● Work task:
Once the pictures are removed, restate the data below word for word.

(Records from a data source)
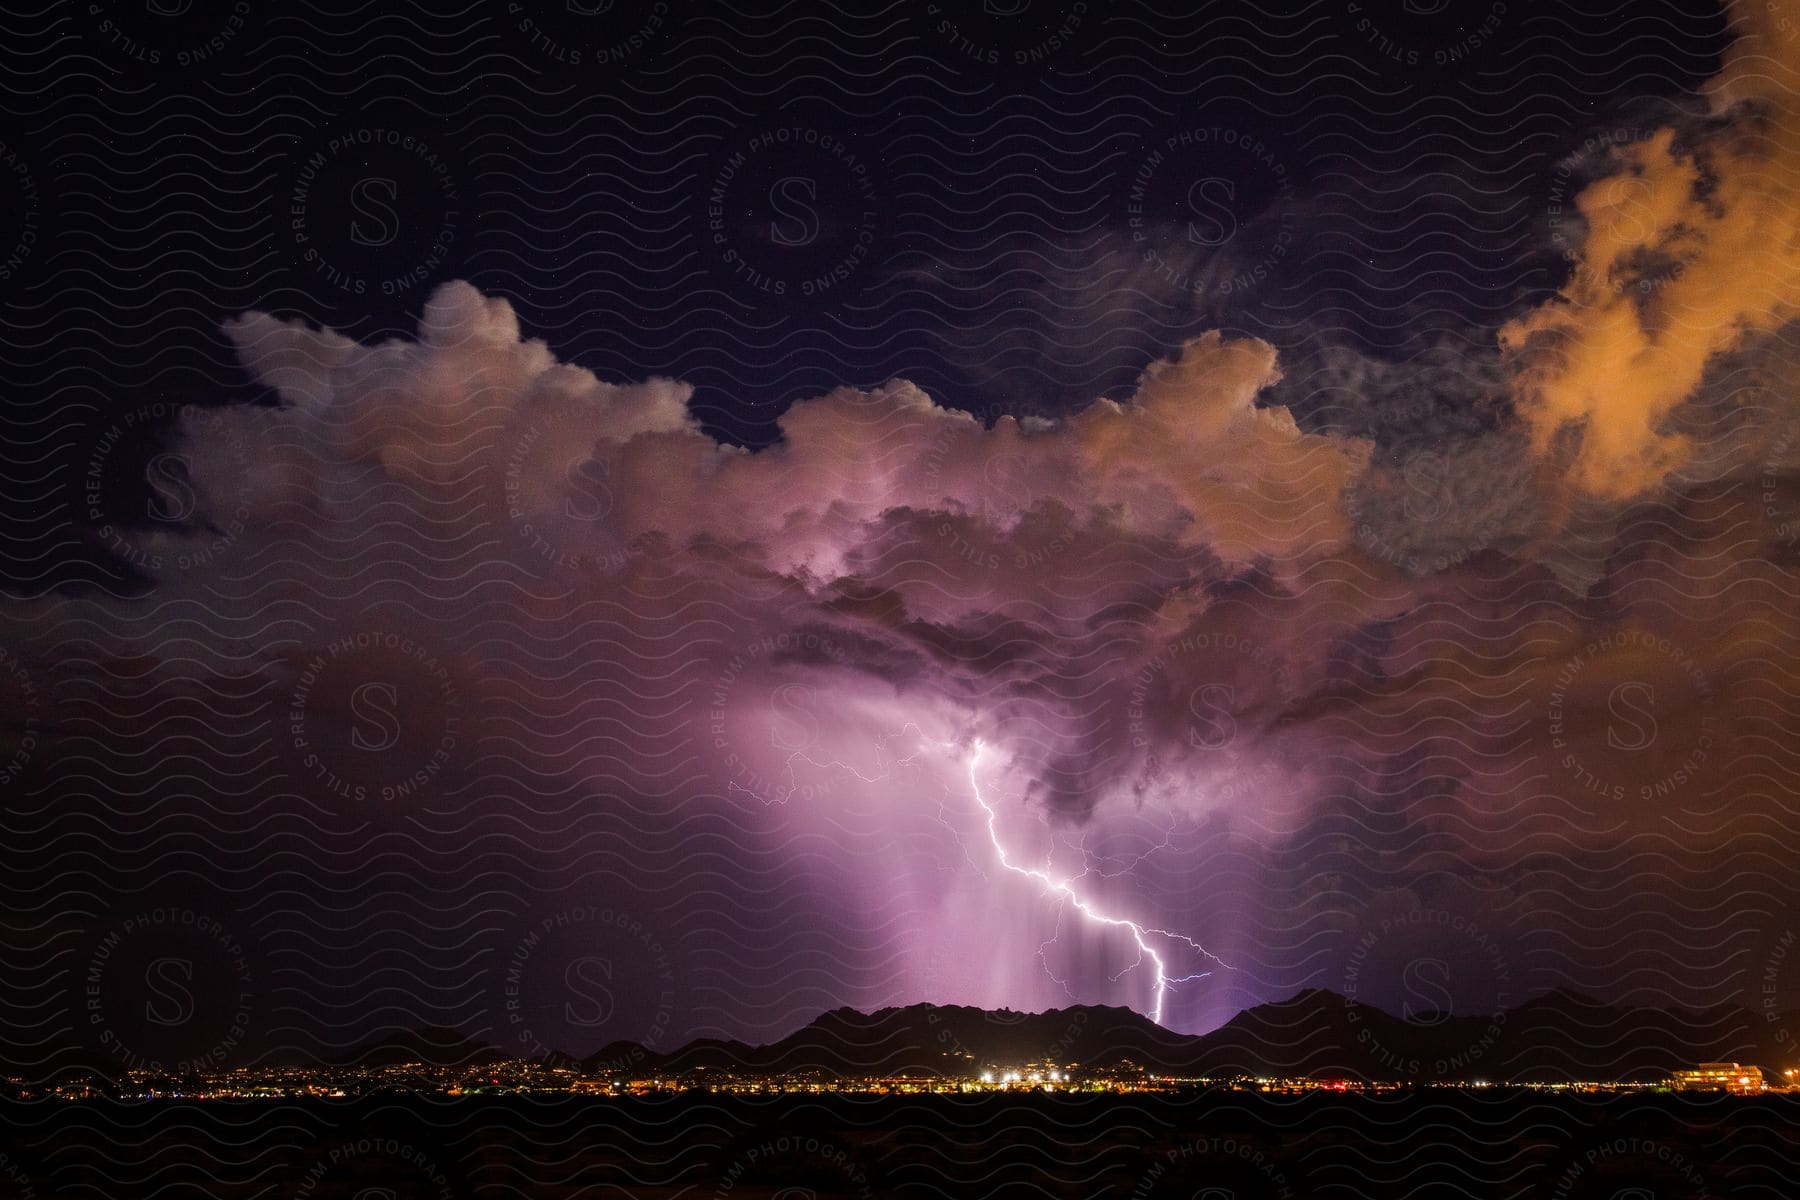 Mountains illuminated by a lightning bolt under storm clouds at night
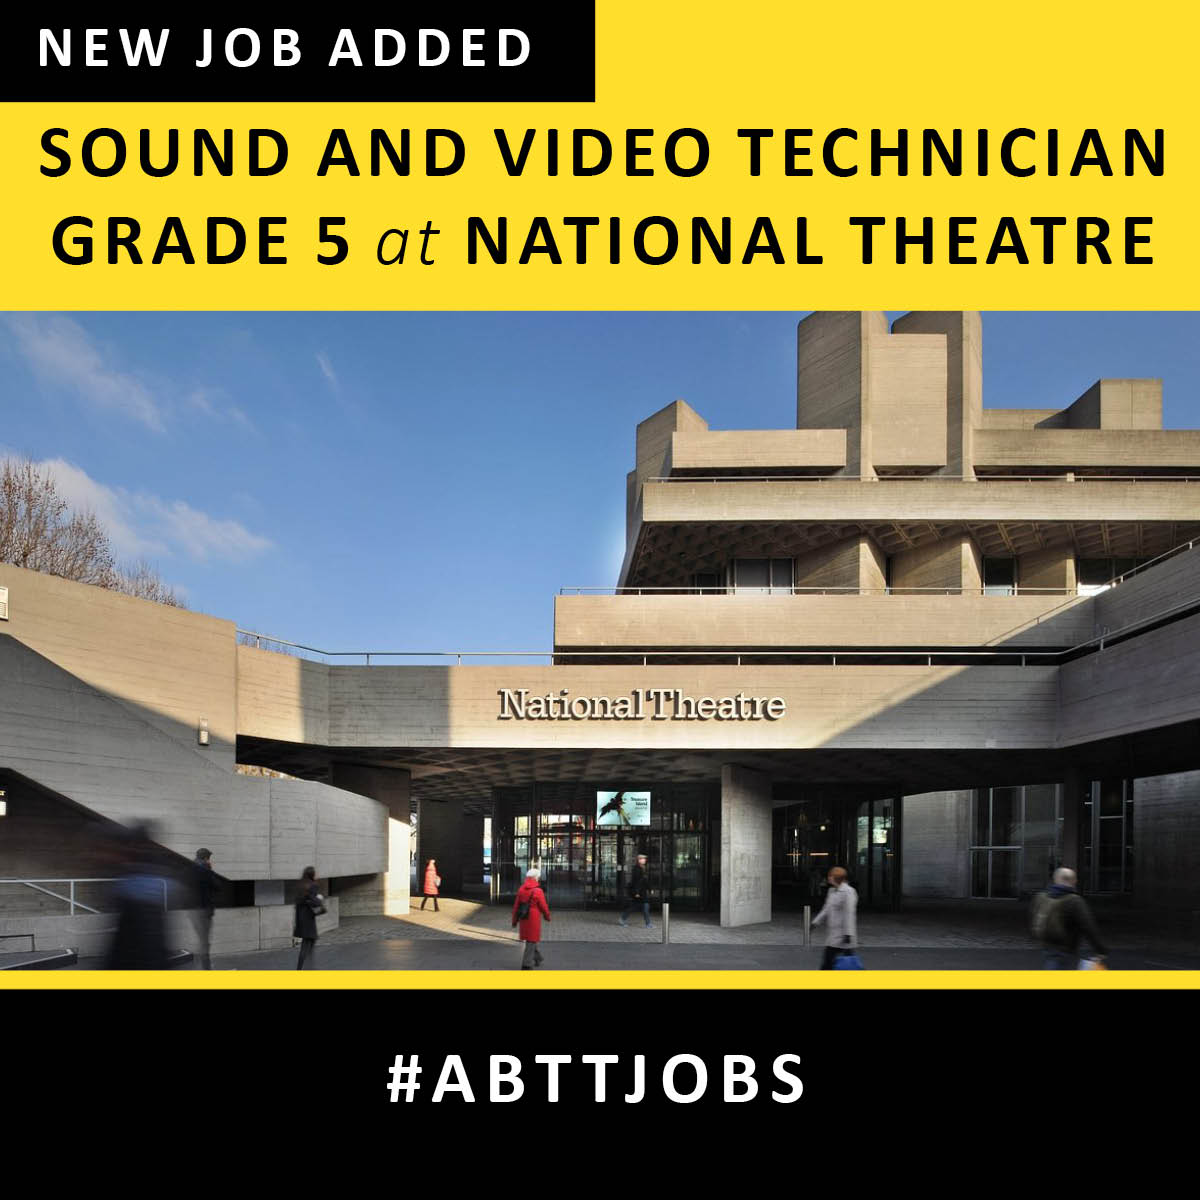 The National Theatre are looking for a Sound and Video Technician Grade 5 to join their team. This new role provides opportunities for technicians to gain experience and on-the-job training.

Find out more and apply here: abtt.org.uk/jobs/sound-and…

#ABTTjobs #ABTT #Theatre
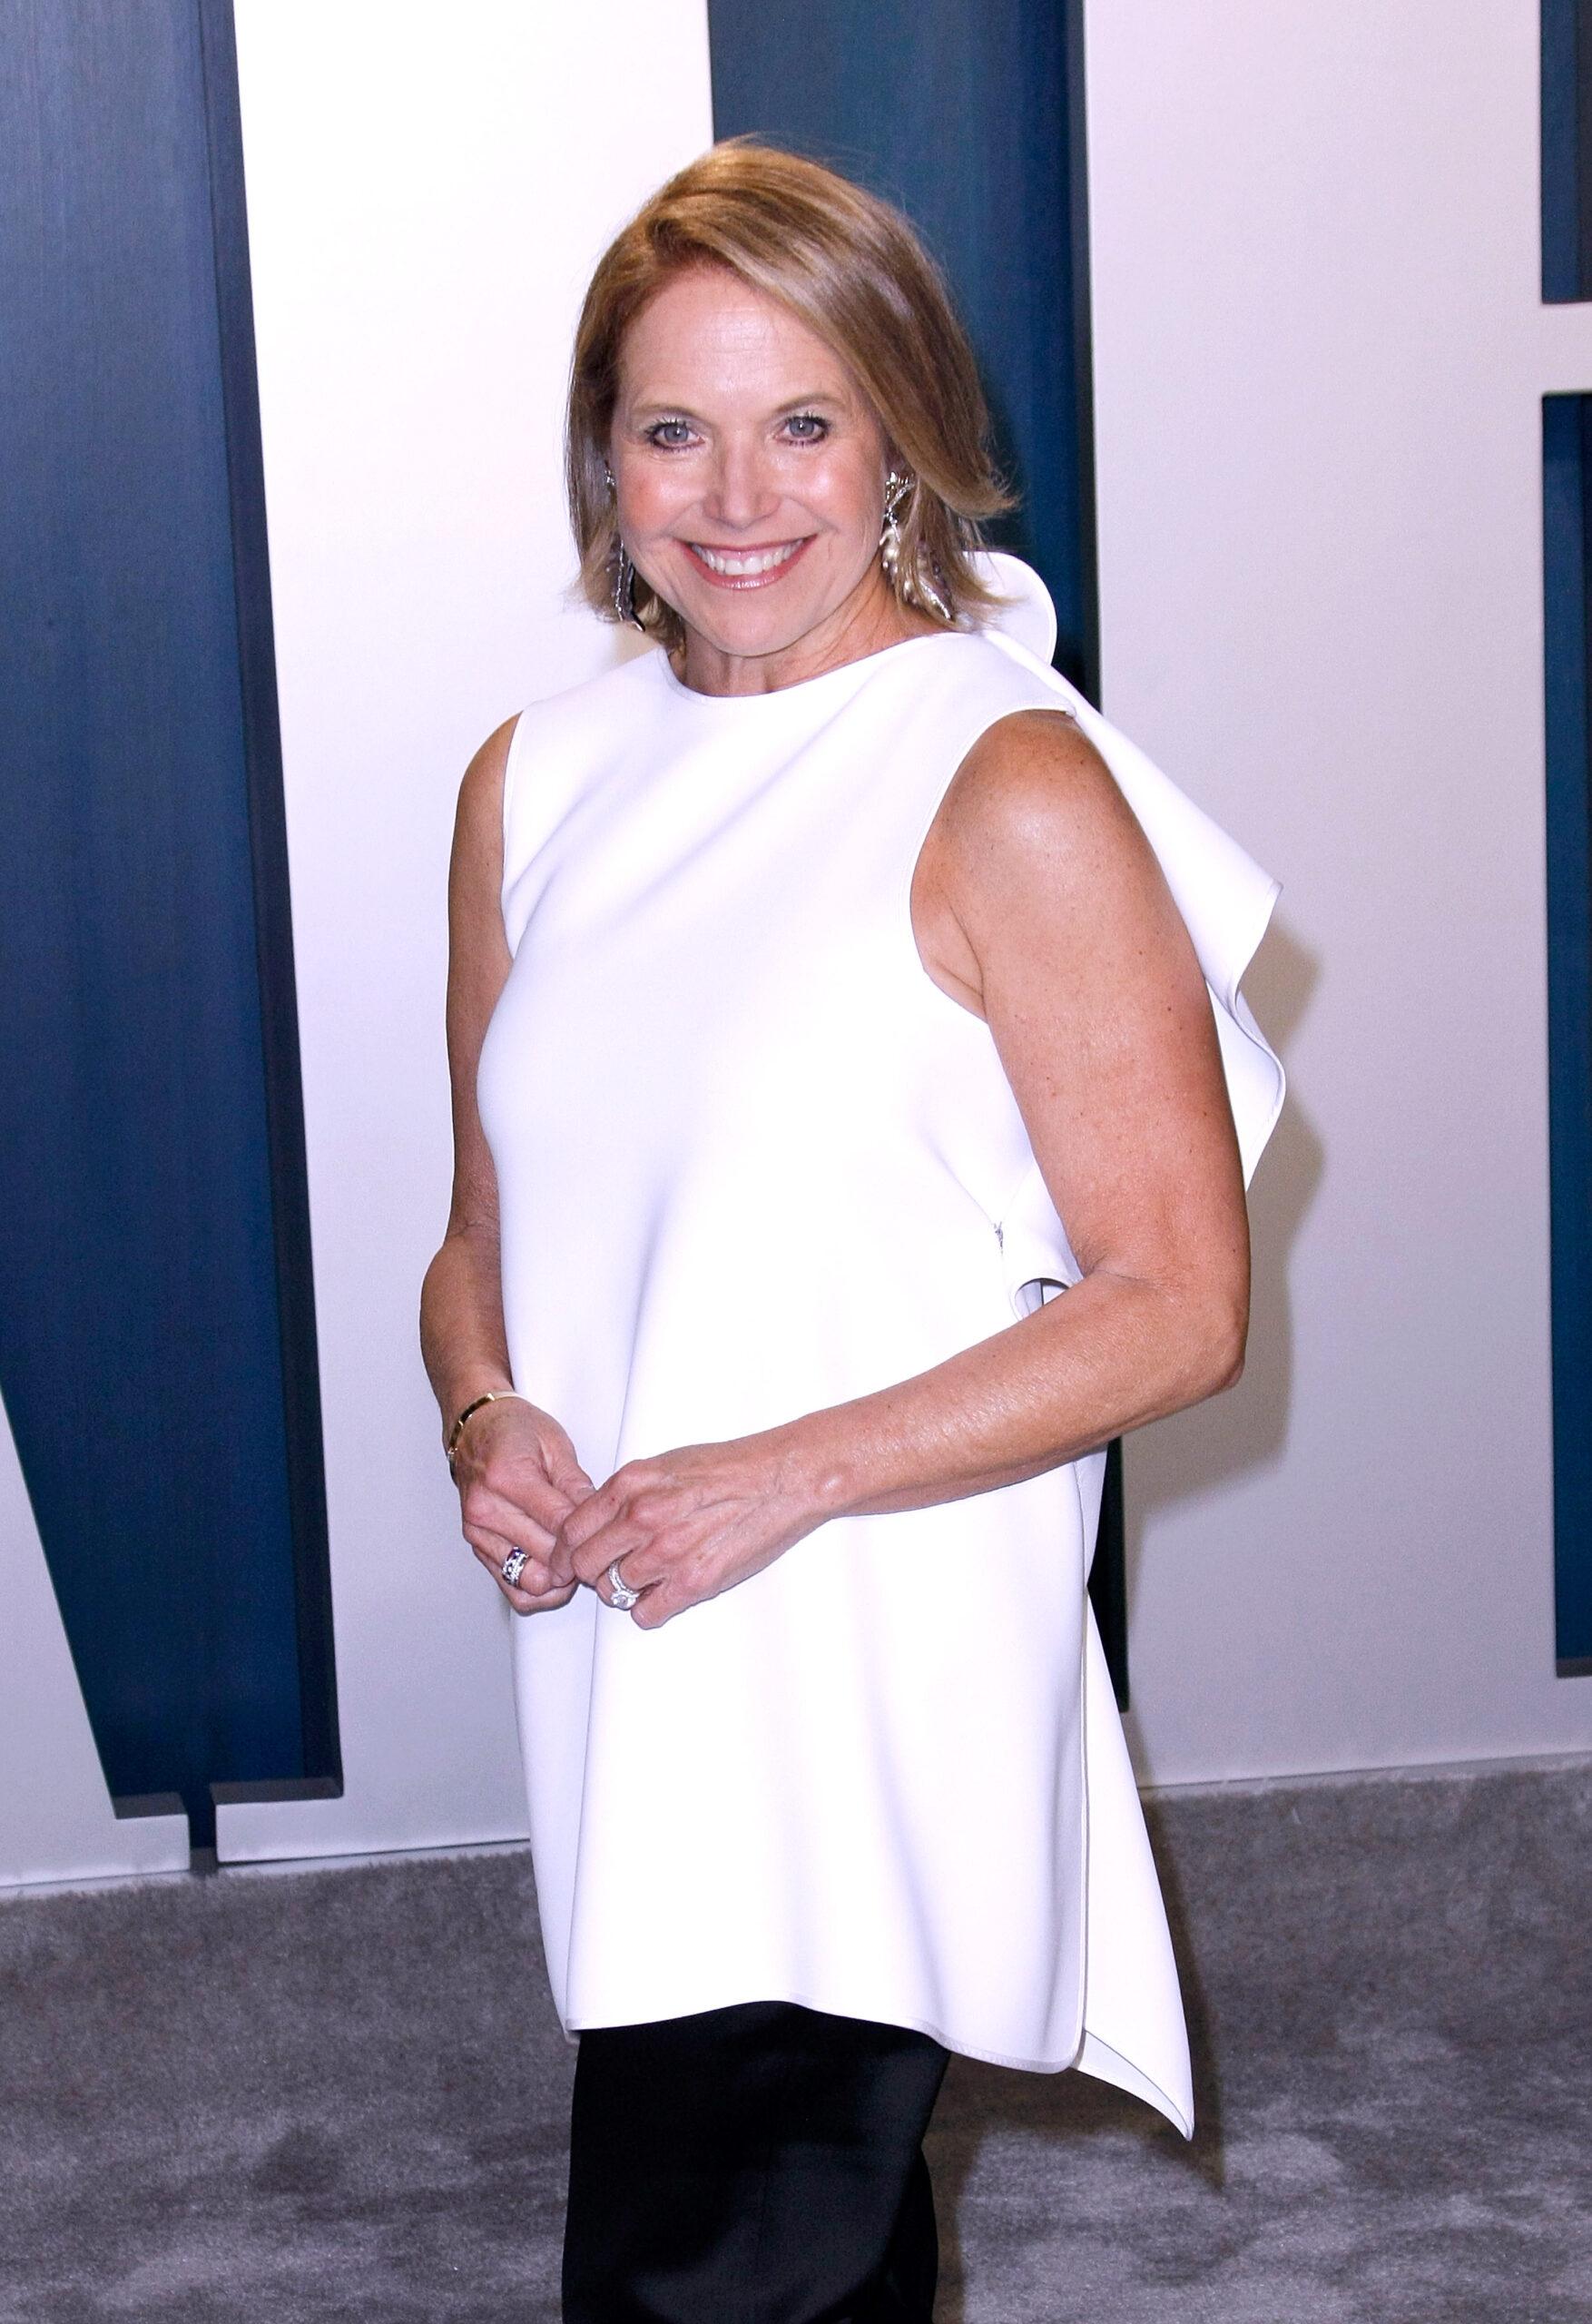 Katie Couric at the 2020 Vanity Fair Oscar Party

● Answer section:
 Mountains illuminated by a lightning bolt under storm clouds at night
 The National Theatre are looking for a Sound and Video Technician Grade 5 to join their team. This new role provides opportunities for technicians to gain experience and on-the-job training.

Find out more and apply here: abtt.org.uk/jobs/sound-and…

#ABTTjobs #ABTT #Theatre
 Katie Couric at the 2020 Vanity Fair Oscar Party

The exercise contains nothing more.